Она рассмеялась, вздохнула, и тонкий лен с шорохом скользнул вниз по телу.

Тихая меланхоличная песня заполнила темноту. Полностью обнаженная, Брианна остановилась у Роджера за спиной. Погладила по голове, собрала в горсть волосы на затылке. Он чувствовал, как она прижимается к нему мягкой грудью, податливой и теплой сквозь ткань рубашки. Дыхание Бри щекотало кромку его уха. Маленькая ладонь замерла у Роджера на плече, потом спустилась вниз; теплый металл – его кольцо – коснулся кожи, и Роджер задохнулся в приливе собственнического желания, как от глотка крепкого виски.

Ему хотелось развернуться и стиснуть жену в объятиях, но он сдержался, растягивая сладостное ожидание. Склонился над струнами и запел. И пел до тех пор, пока в голове не осталось ни единой мысли. Только два тела, прижавшиеся друг к другу. Роджер даже не заметил, когда Бри накрыла его пальцы своей ладонью. Встал, обернулся… Музыка и любовь переполняли его – нежные, чистые и всемогущие в этой бескрайней ночи.

* * *

Брианна лежала неподвижно, прислушиваясь к грохоту сердца в висках. Кровь эхом пульсировала в горле, в запястьях, в потяжелевшей груди, в утробе. Казалось, она полностью растворилась в темноте, и теперь нужно было заново вспоминать границы собственного тела. Бри убрала ладонь, плотно зажатую между ног, и последние отголоски удовольствия пробежали по бедрам.

Она медленно втянула воздух, прислушиваясь.

Дыхание Роджера оставалось глубоким и ровным. Слава богу, не проснулся. Брианна вела себя очень осторожно, двигала только кончиком пальца, но оргазм оказался слишком сильным. По животу прокатилась судорога, и Бри дернулась, с громким шорохом упираясь пятками в соломенный тюфяк.

К концу дня Роджер остался без сил – да что там, они все вымотались. Правда, по склону горы по-прежнему разносились приглушенные звуки веселья. Такие мелочи, как дождь, холод или усталость, не могли послужить помехой хорошей пирушке, слишком уж редко выпадала такая возможность.

Брианна растеклась по постели, словно лужица ртути – мягкой, тяжелой и вздрагивающей от каждого удара сердца.
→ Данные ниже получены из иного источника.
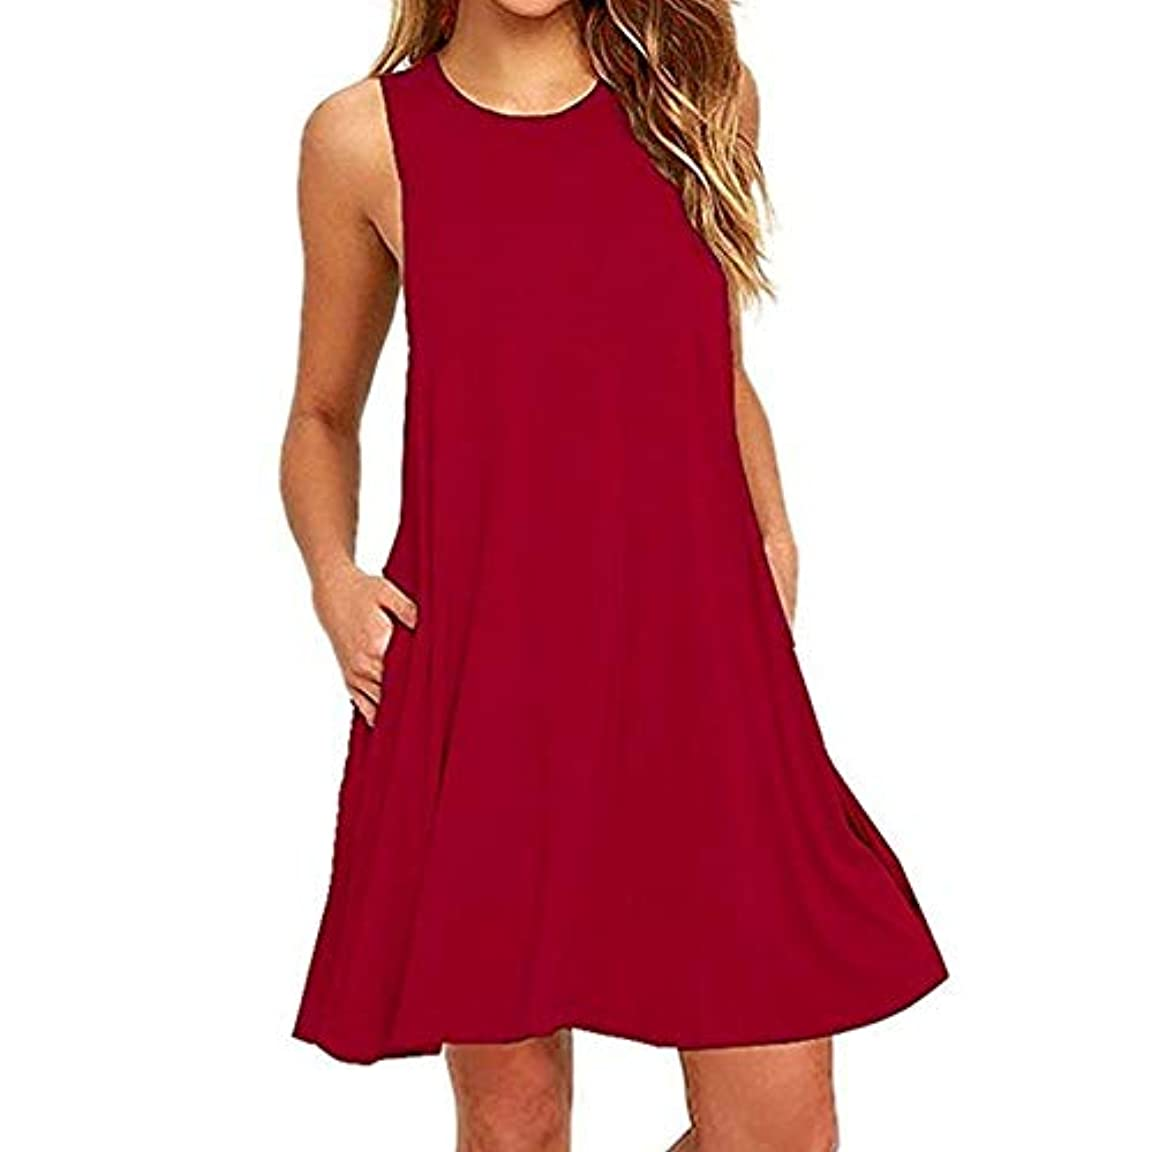 注意磁気変更MIFAN 人の女性のドレス、プラスサイズのドレス、ノースリーブのドレス、ミニドレス、ホルタードレス、コットンドレス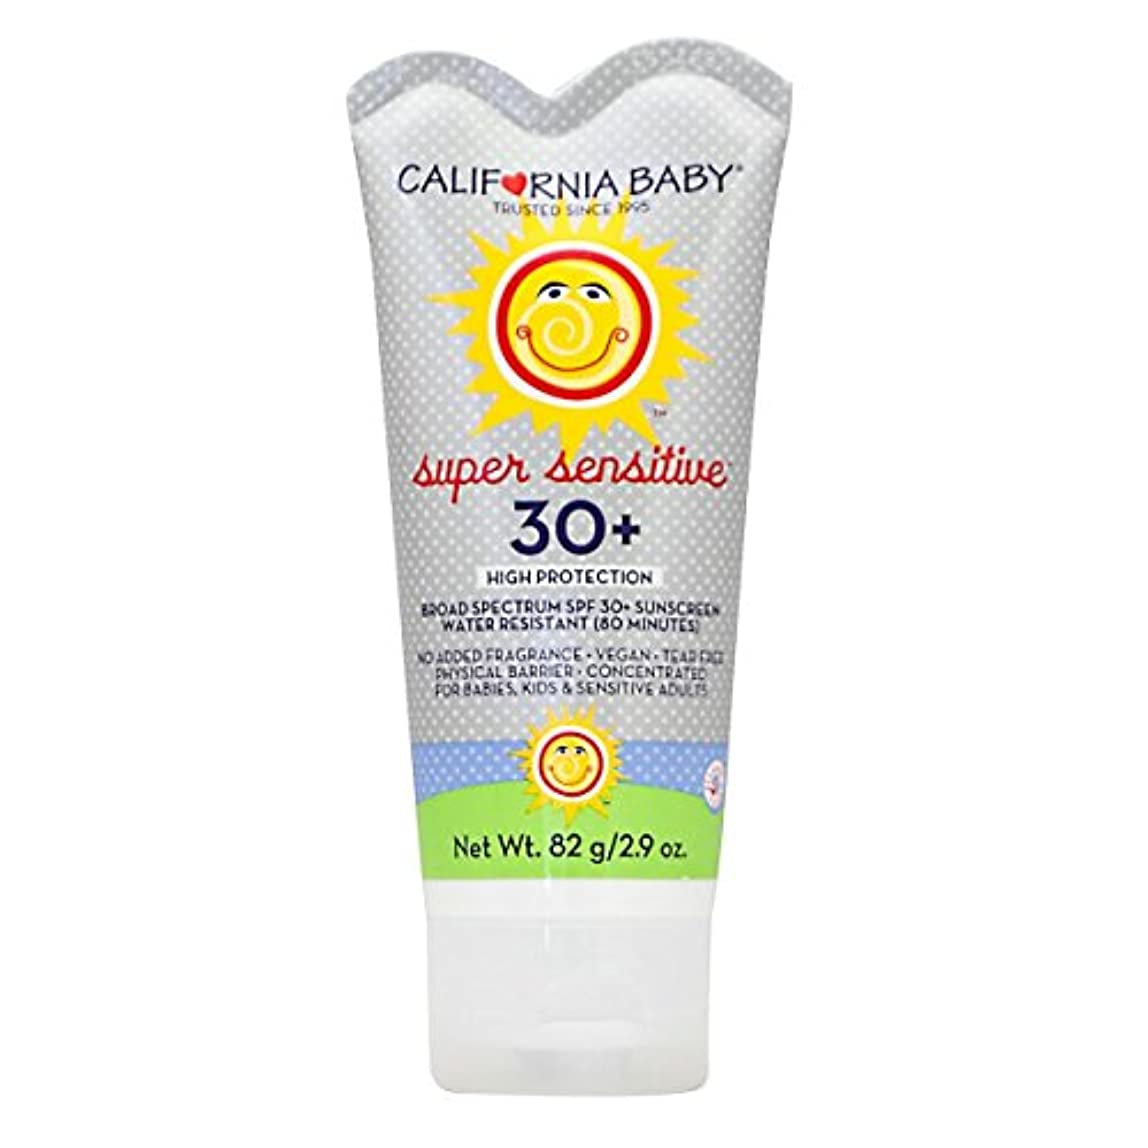 アンデス山脈ピュー素晴らしい良い多くのカリフォルニアベビー日焼け止めクリームSPF30 超敏感肌用82g

Двигаться не хотелось, однако на пике наслаждения она сдернула с Роджера плед, и теперь его смуглая спина была обнаженной. Несмотря на ленивую негу, совесть не позволяла ей лежать под одеялом, пока муж замерзал от холодного сквозняка. В шатер проникали призрачные клубы тумана, и Бри видела, как на высоких скулах Роджера оседает блестящая влага.

Кости, мышцы, нервная система – Брианна собирала себя по частям. Она отдала непослушному телу строгий приказ, перекатилась на бок, лицом к Роджеру, и натянула плед повыше. Муж пошевелился, что-то невнятно пробормотал, и Бри погладила его по спутанным волосам. На устах Роджера мелькнула улыбка, веки чуть приподнялись, но взгляд остался пустым – он по-прежнему спал и видел сны. Роджер глубоко вздохнул, снова закрывая глаза.

– Я люблю тебя, – прошептала она с невыразимой нежностью.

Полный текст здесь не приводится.